Vacina da China e ‘jacaré’
O discurso da pasta contrasta com declarações anteriores do presidente. Ele já afirmou que não compraria doses da Coronavac, desenvolvida na China, devido a sua ”origem”. Disse ainda, em dezembro, que a pressa pela chegada dos imunizantes ”não se justifica” e que as farmacêuticas é que deveriam estar interessadas em negociar com o governo. ”Pessoal diz que eu tenho que ir atrás. Não, quem quer vender (que tem). Se sou vendedor, eu quero apresentar”, disse Bolsonaro em 28 de dezembro.
O imunizante da Pfizer, citado hoje como solução, já foi alvo de desdém do próprio presidente. ”Lá no contrato da Pfizer está bem claro: ‘Não nos responsabilizamos por qualquer efeito colateral. Se você virar um jacaré, é problema de você”, disse Bolsonaro em 17 de dezembro.
Em contraste com discursos anteriores, o presidente ainda evitou críticas a restrições de circulação e lockdowns. Disse que no começo da pandemia essas restrições foram adotadas para que hospitais fossem aparelhados com leitos de UTI e respiradores. ”enhum prefeito, governador, reclamou de falta de recursos para que tivesse, então, hospitais, leitos e UTI e respiradores.”
Em seu discurso, o ministro da Saúde, Eduardo Pazuello, disse que as medidas aprovadas no Congresso possibilitaram a compra da vacina da Pfizer, em referência à cláusula sobre a responsabilidade por efeitos colaterais. Em aceno a Bolsonaro, que por meses criticou as exigências da farmacêutica, o general disse que o presidente “pessoalmente” conseguiu adiantar o cronograma de entrega desta vacina em um trimestre. O presidente reuniu-se na segunda-feira, 8, com representantes do laboratório.

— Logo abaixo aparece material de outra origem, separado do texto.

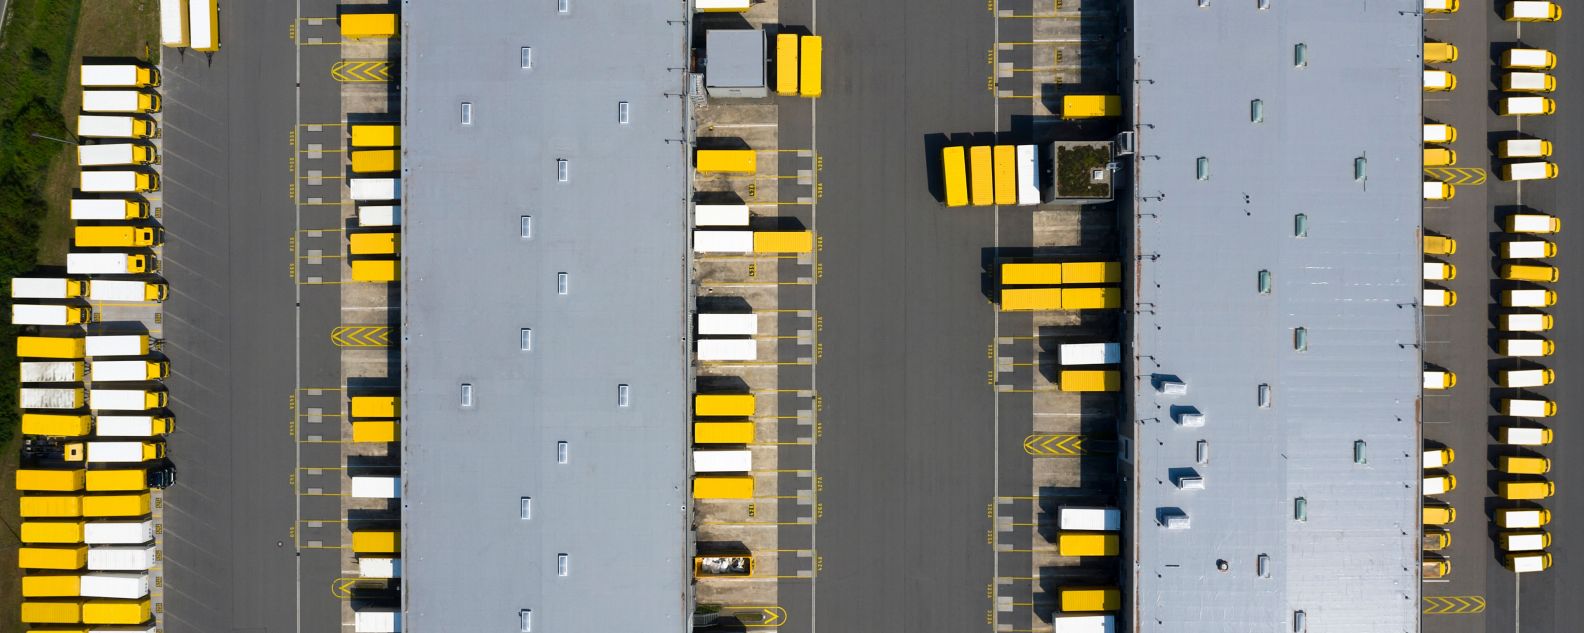 Vista aérea de contenedores de carga y almacén de distribución
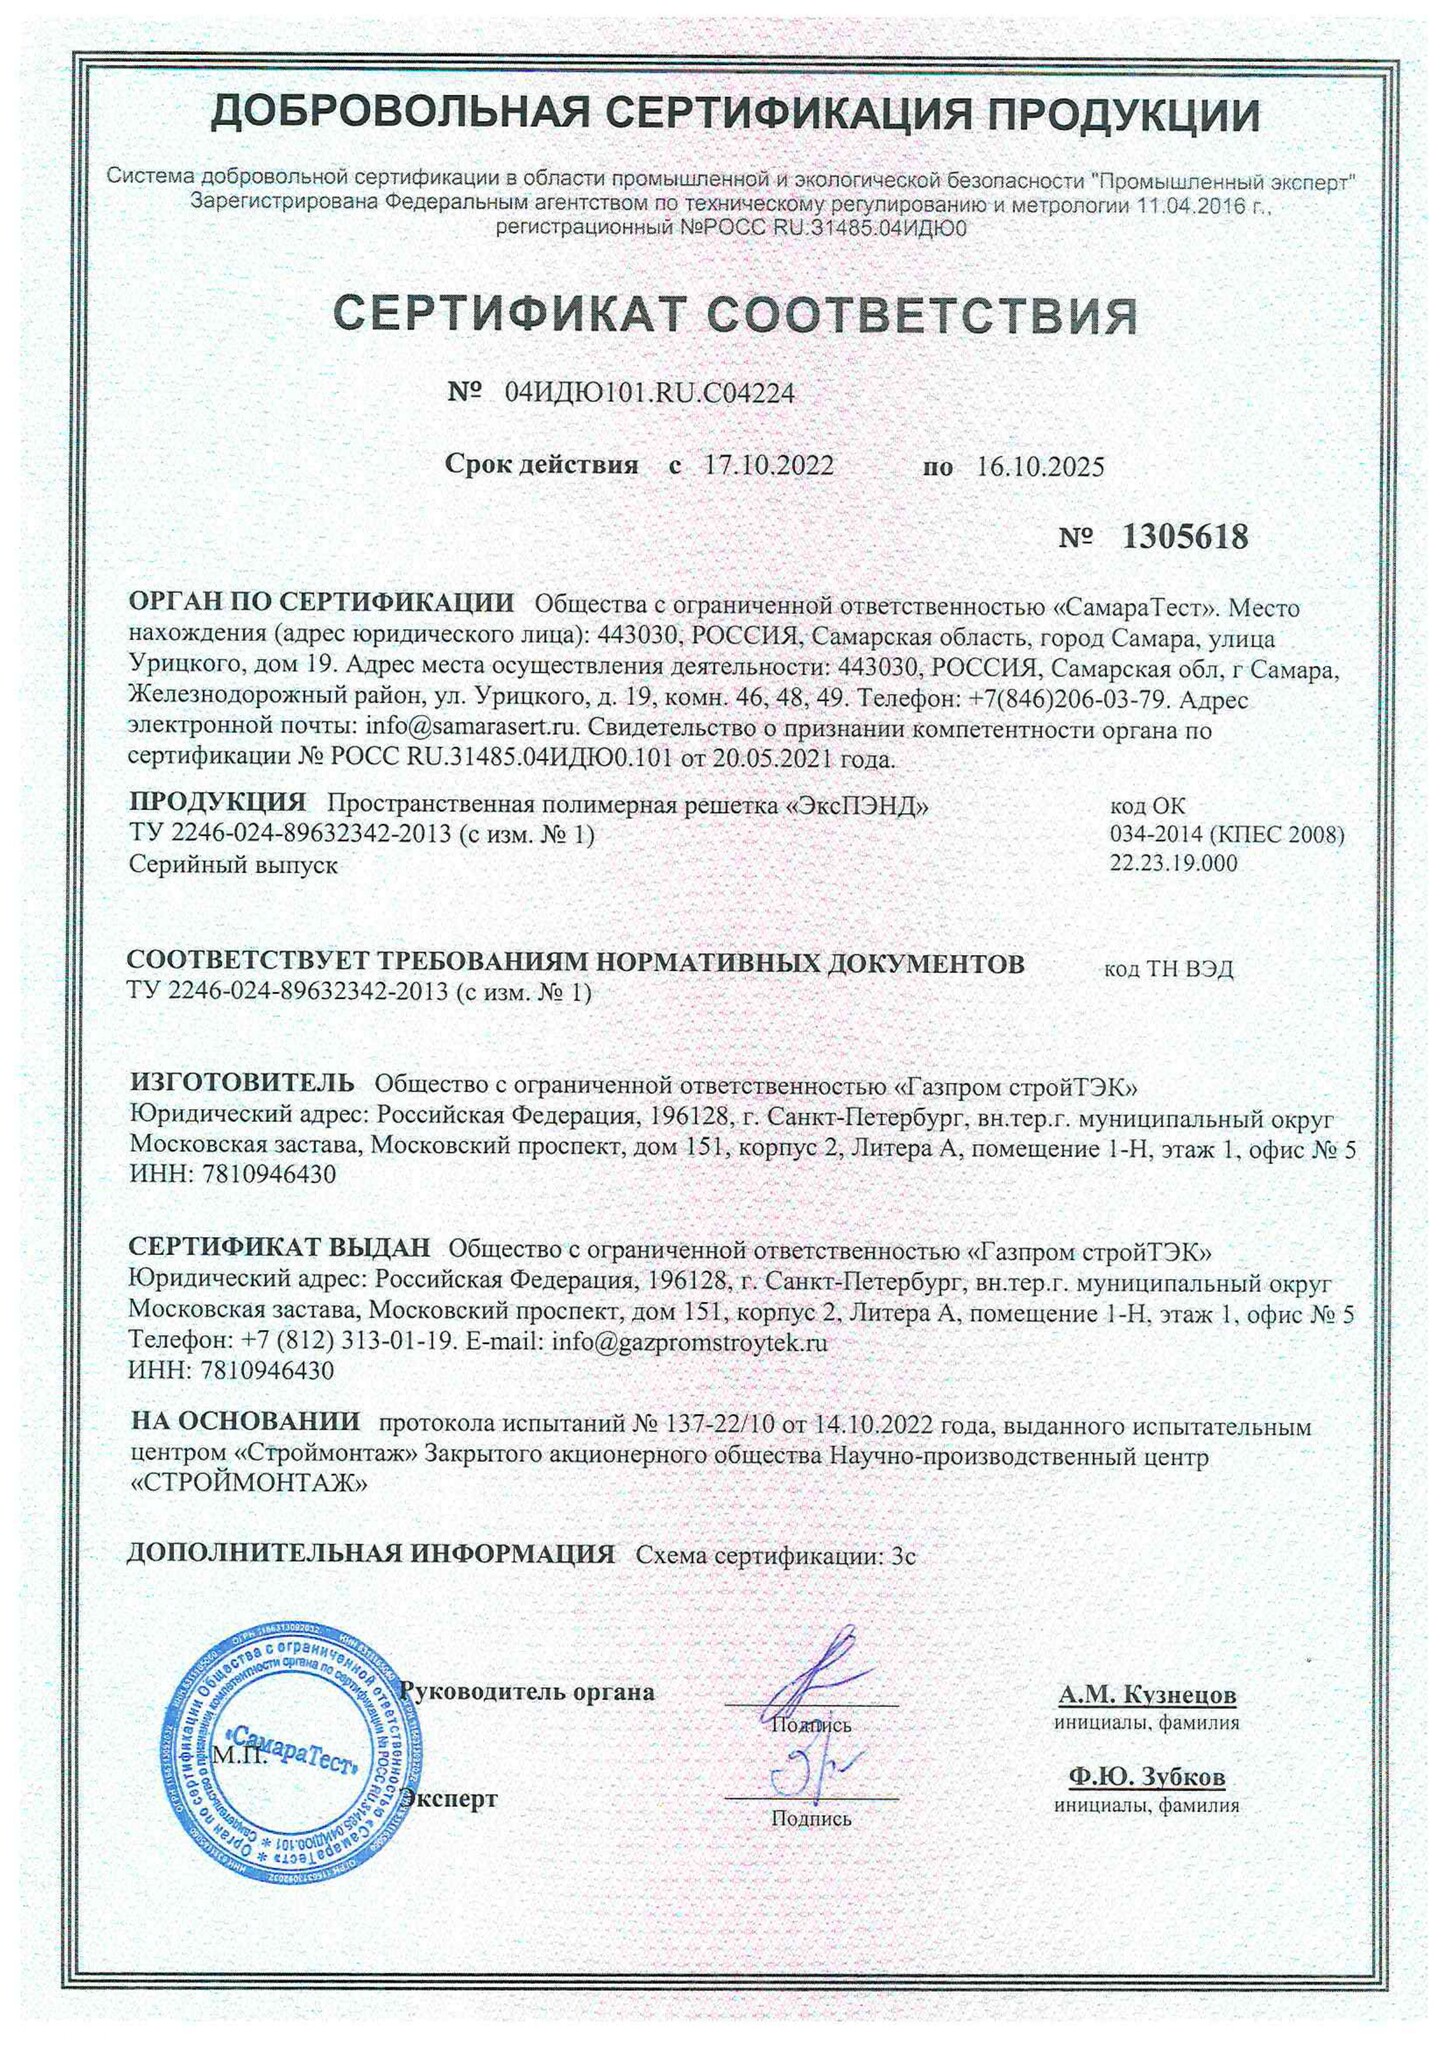 Сертификат ЭксПЭНД с изм. № 1 до 16.10.2025

”Estamos garantidos para março entre 22 e 25 milhões, podendo chegar a 38 milhões de doses”, disse Pazuello. Ele afirmou que o SUS tem capacidade de vacinar de 1 milhão a 1,5 milhão por dia. Desde 17 de janeiro, quando a imunização começou no País, 8,7 milhões de pessoas receberam ao menos uma dose, o que representa 4,13% da população do País.
O ministro também afirmou que todas as vacinas compradas com recursos públicos serão distribuídas por meio do Sistema Único de Saúde (SUS), em um recado a prefeitos e governadores que planejam realizar a compra de vacinas em paralelo ao governo federal.
Projetos
Ao sancionar projetos relacionados à vacinação, Bolsonaro vetou trecho do PL 534/2021 que previa o uso de recursos da União para Estados e municípios comprarem imunizantes. Prefeitos e governadores podem adquirir, mas desde que com dinheiro próprio.
O presidente sancionou ainda projeto com mudanças na MP 1026/2021. O texto permite que vacinas sejam compradas mesmo antes de aval da Agência Nacional de Vigilância Sanitária (Anvisa). A lei também dá um prazo de sete dias para a agência se manifestar sobre a permissão de uso emergencial de vacinas já autorizadas em outros países, como Estados Unidos, Rússia, Argentina e Índia.
O texto pode beneficiar a entrada no País de vacinas como a Sputnik V e a Covaxin, desenvolvidas na Rússia e Índia, respectivamente, e já adquiridas pelo ministério. A nova regra dá condições para a Anvisa, se preciso, pedir informações e até negar este aval. No mês passado, Bolsonaro vetou um dispositivo que obrigava a agência a conceder o uso emergencial em cinco dias a imunizantes autorizados em outros países.
O terceiro texto assinado por Bolsonaro (PL 2809/2020) prorroga a suspensão da manutenção das metas quantitativas e qualitativas no Sistema Único de Saúde (SUS). Trata-se de indicadores que devem ser cumpridos por prestadores de serviço do SUS para que recebam recursos do governo. Como a pandemia alterou o perfil dos serviços mais prestados – cirurgias eletivas foram canceladas em alguns momentos, por exemplo –, o texto suspende a análise destas metas.